L’école de Villeneuve-de-Blaye en question © France Aquitaine

La suite, on la connaît: dès la récréation du matin, à 10h25,  certains élèves se disent incommodés par les odeurs désagréables et se plaignent de picotements dans les yeux.  Dans l’après-midi, c’est alors une nouvelle séquence émotion: à 13h20, l’institutrice a « la tête qui tourne » et a « une vision trouble. » Elle n’est pas seule, de nombreux élèves, au total 23, vont se plaindre également de maux de tête, vertiges, douleurs abdominales, nausées, gorges et yeux irrités ! L’institutrice est alors emmenée aux urgences à l’Hôpital de Blaye, elle va se sentir mal durant deux jours…

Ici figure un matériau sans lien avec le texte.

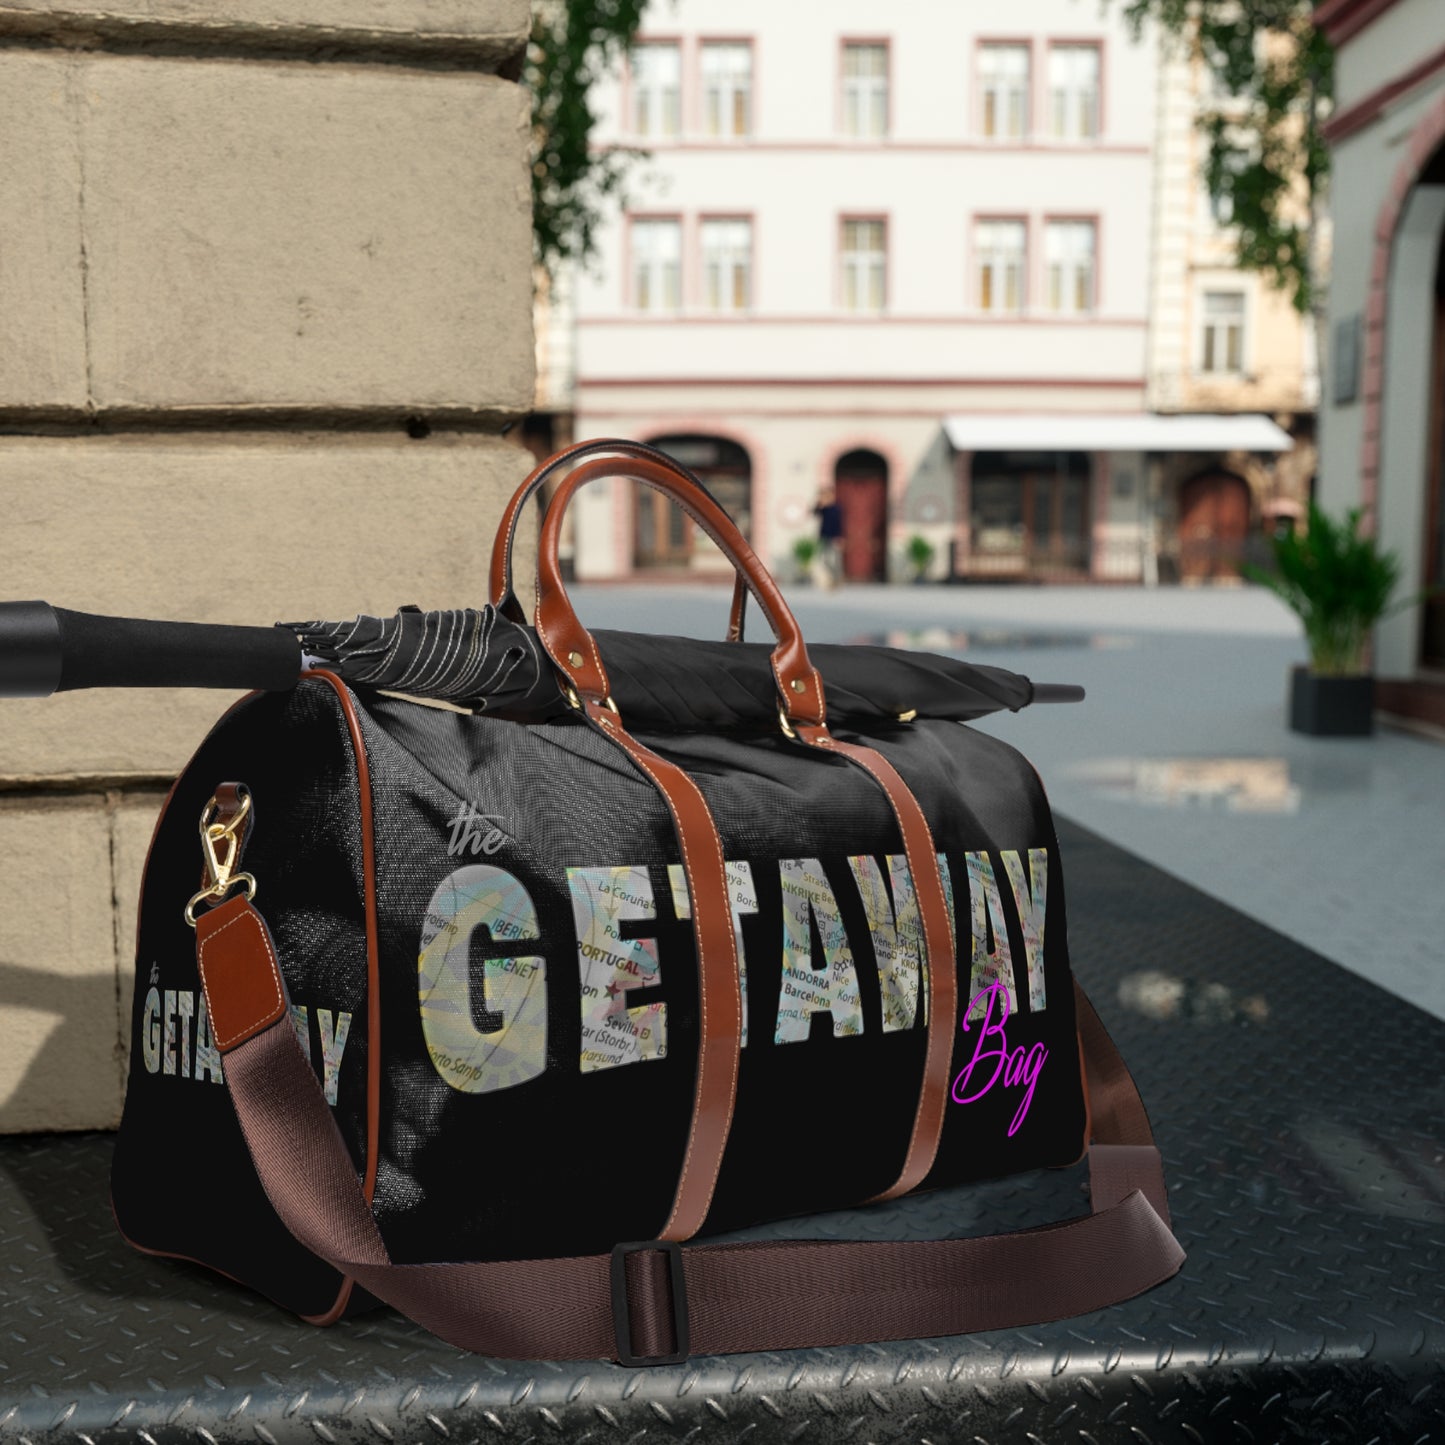 The Getaway Bag!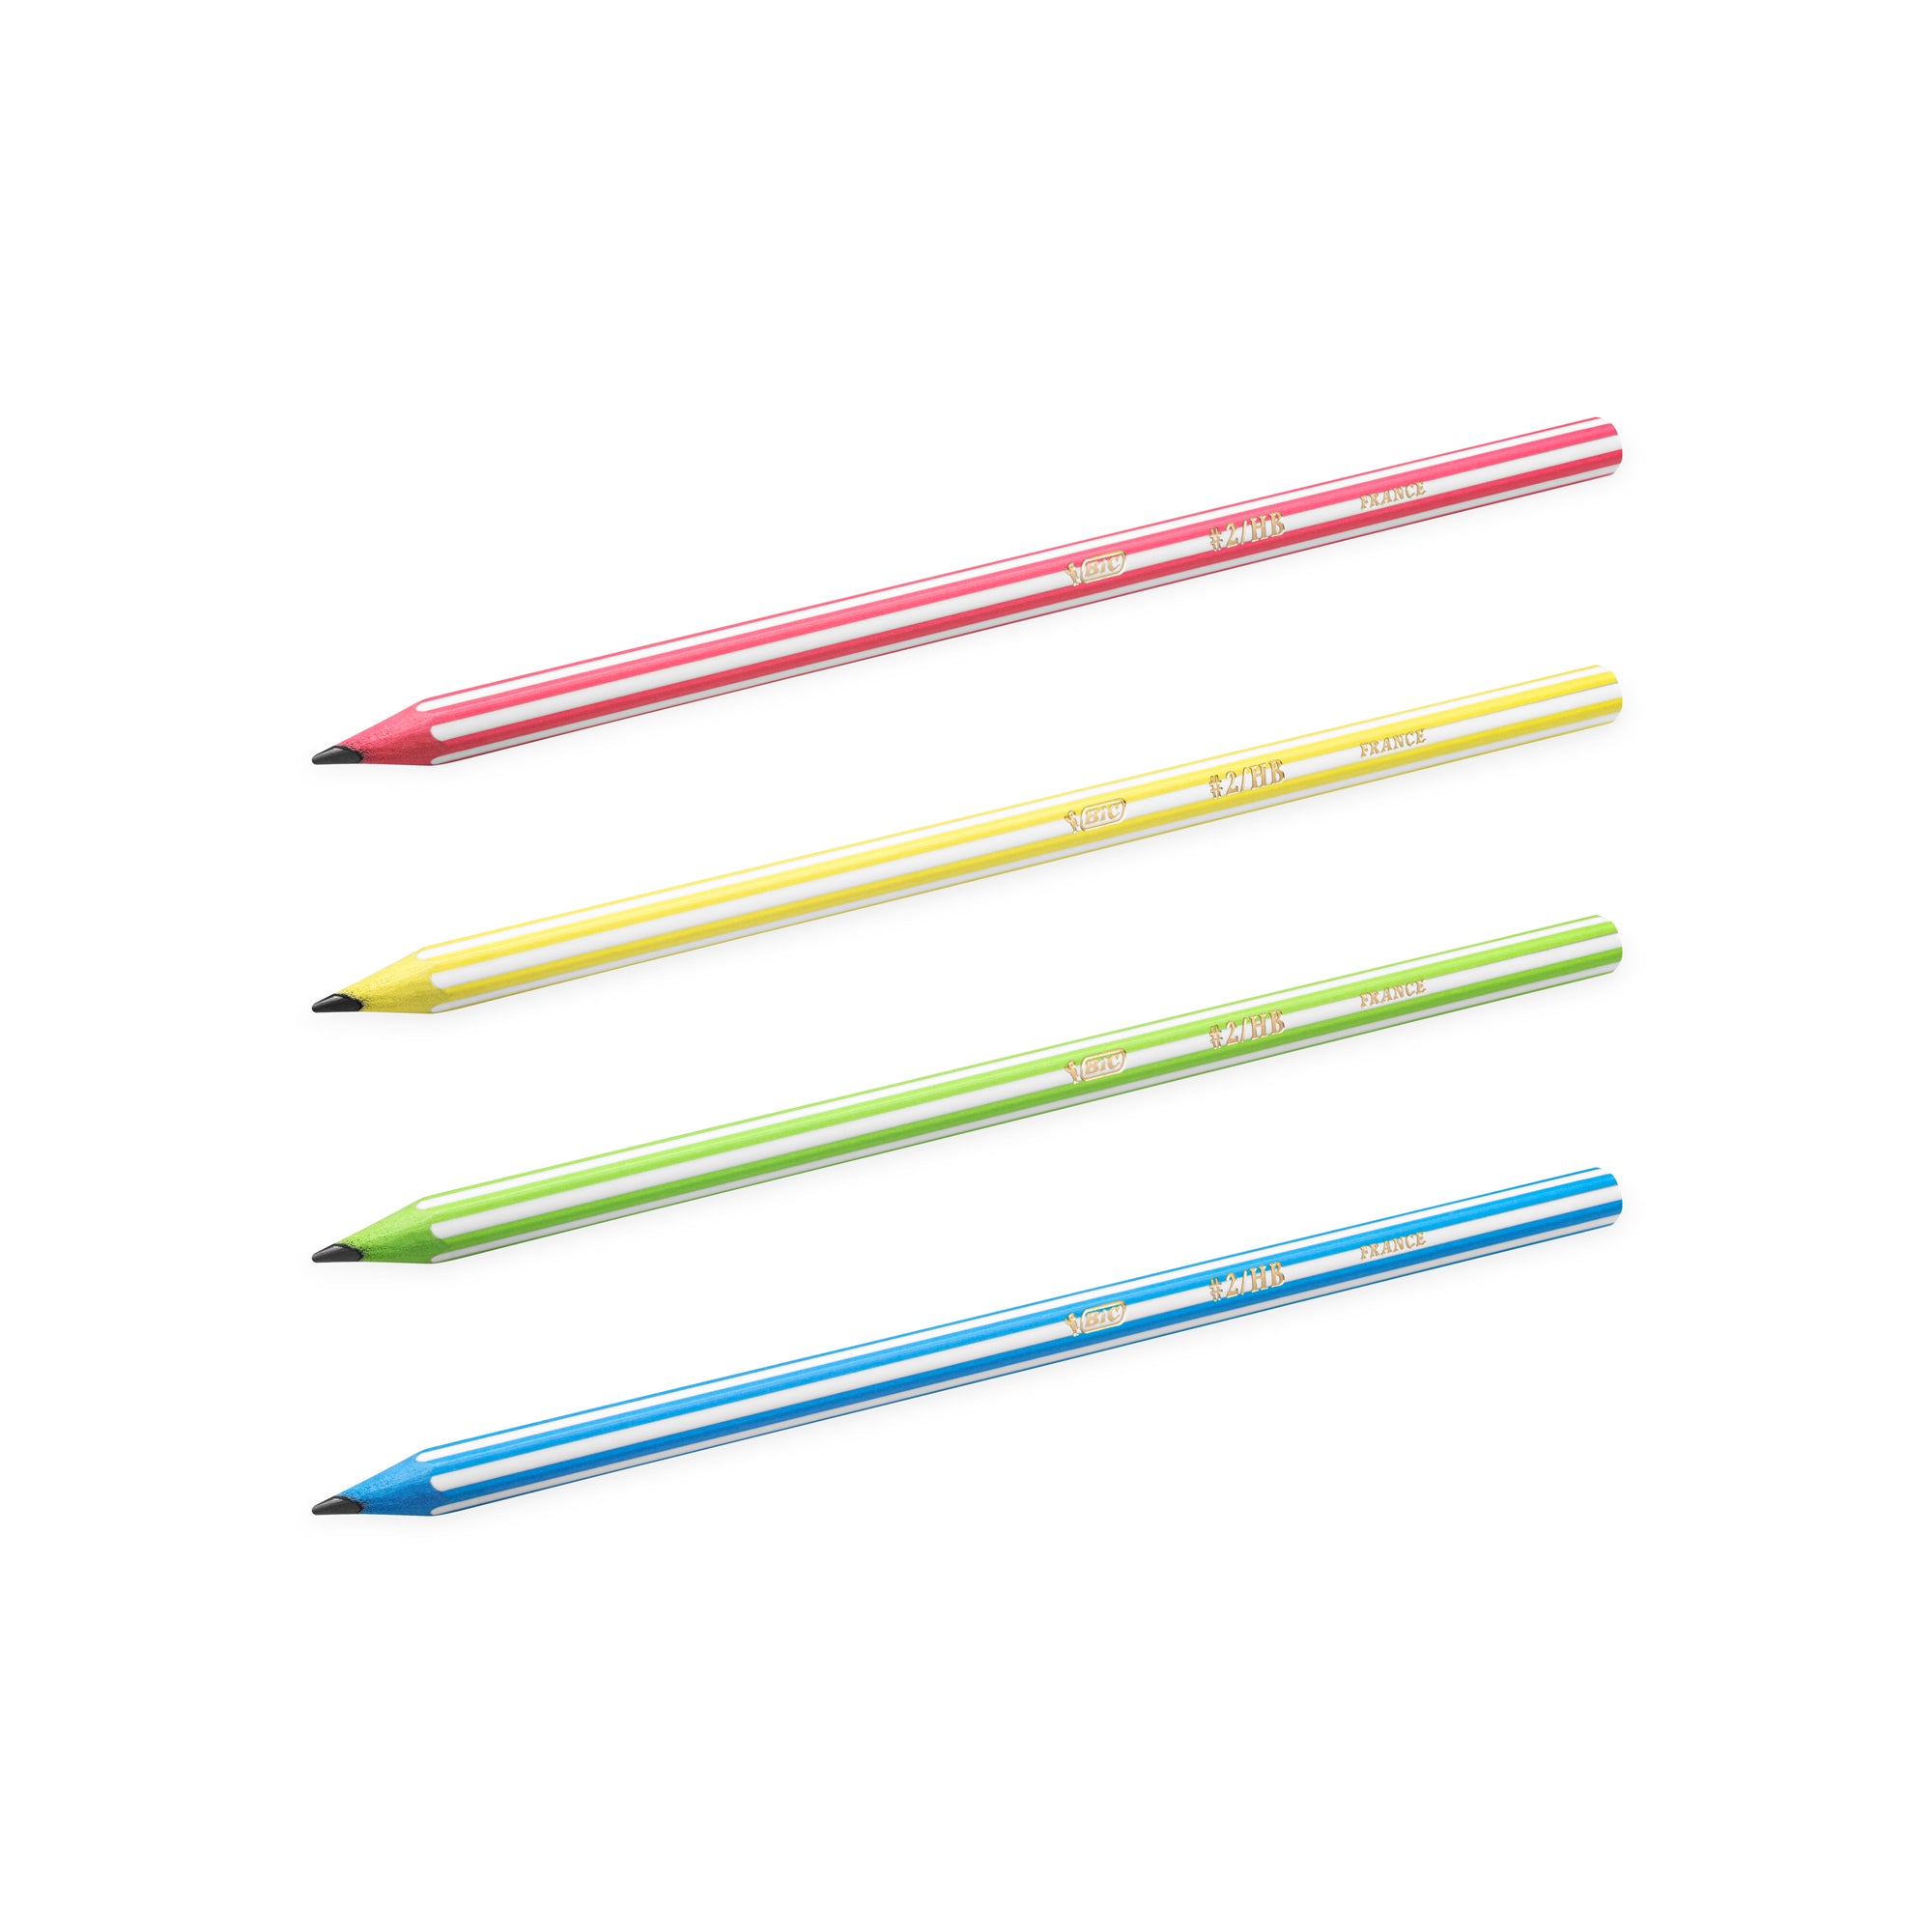 bic-scatola-12-matite-evolution-stripes

Et François Ruffié de poursuivre : »Le lendemain, l’inspecteur d’académie qui se rend sur les lieux dit qu’il y a des odeurs caractéristiques de produits phytosanitaires. Et d’autre part il y avait du vent, il y avait beaucoup de vent, à partir de la mi-journée on est très au-delà des 19 km/h de vent qui autorisent l’épandage, donc effectivement il ne fallait pas épandre ce jour-là ».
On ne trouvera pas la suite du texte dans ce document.